Quand Peter Burpee me dit que la bataille n’est pas terminée à Manor Park, j’entends la fatigue dans sa voix. C’est une communauté qui pensait avoir fait valoir ses arguments il y a des mois. Maintenant, le débat sur les trottoirs est de retour, et les résidents se préparent pour un deuxième round.

J’ai couvert assez de batailles municipales sur les infrastructures pour bien connaître ce pattern. Un projet est reporté après une levée de boucliers de la communauté. Tout le monde prend une pause. Puis ça refait surface au comité, et tout d’un coup on se retrouve exactement où on avait commencé. Manor Park vit exactement ça en ce moment.

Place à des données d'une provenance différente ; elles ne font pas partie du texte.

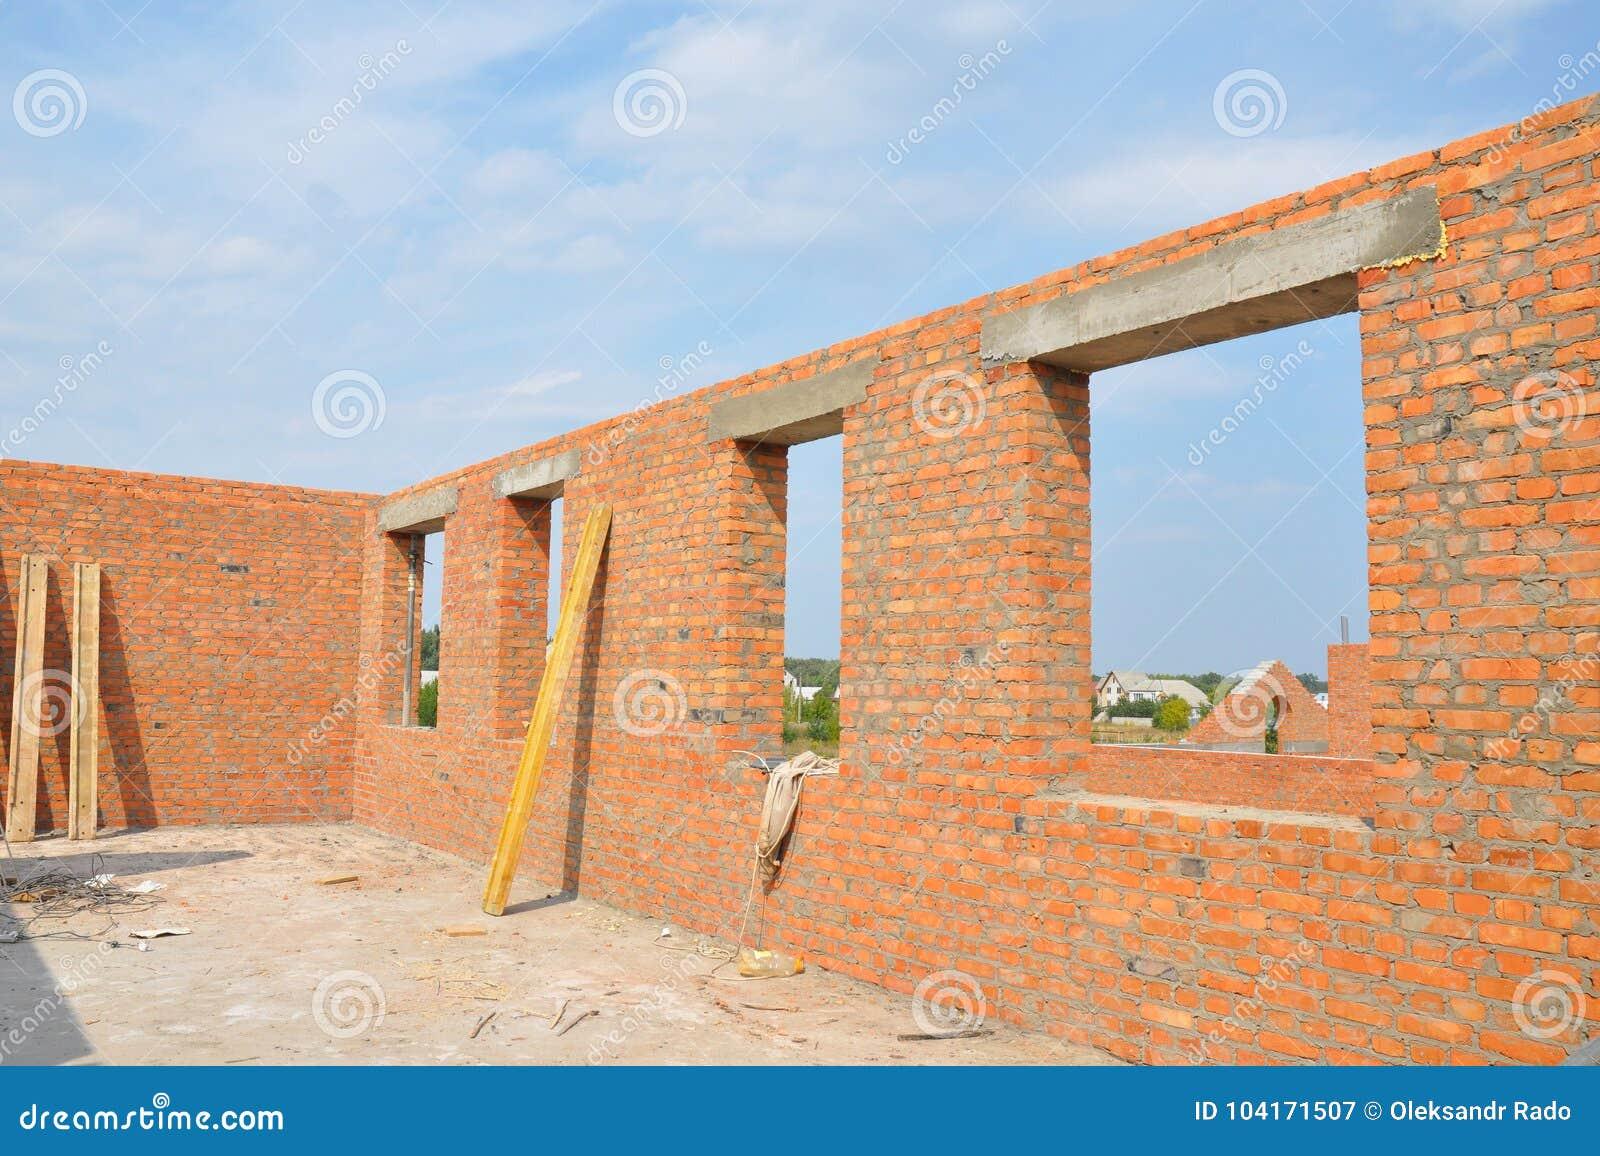 Pared Inacabada De La Casa Del Ladrillo Rojo Bajo Construcción Sin ...

La Ville veut ajouter des trottoirs sur quatre rues résidentielles près du boulevard St. Laurent. Ça fait partie d’une plus grosse mise à niveau de la route, de l’eau et des égouts dans le secteur. Les fonctionnaires municipaux disent que ça fait du sens de les construire maintenant pendant que les équipes sont déjà sur place. Le calcul semble assez straight-forward de leur bord. Construire les trottoirs maintenant pour environ 180 000 $ ou attendre et payer entre 500 000 $ et 700 000 $ plus tard.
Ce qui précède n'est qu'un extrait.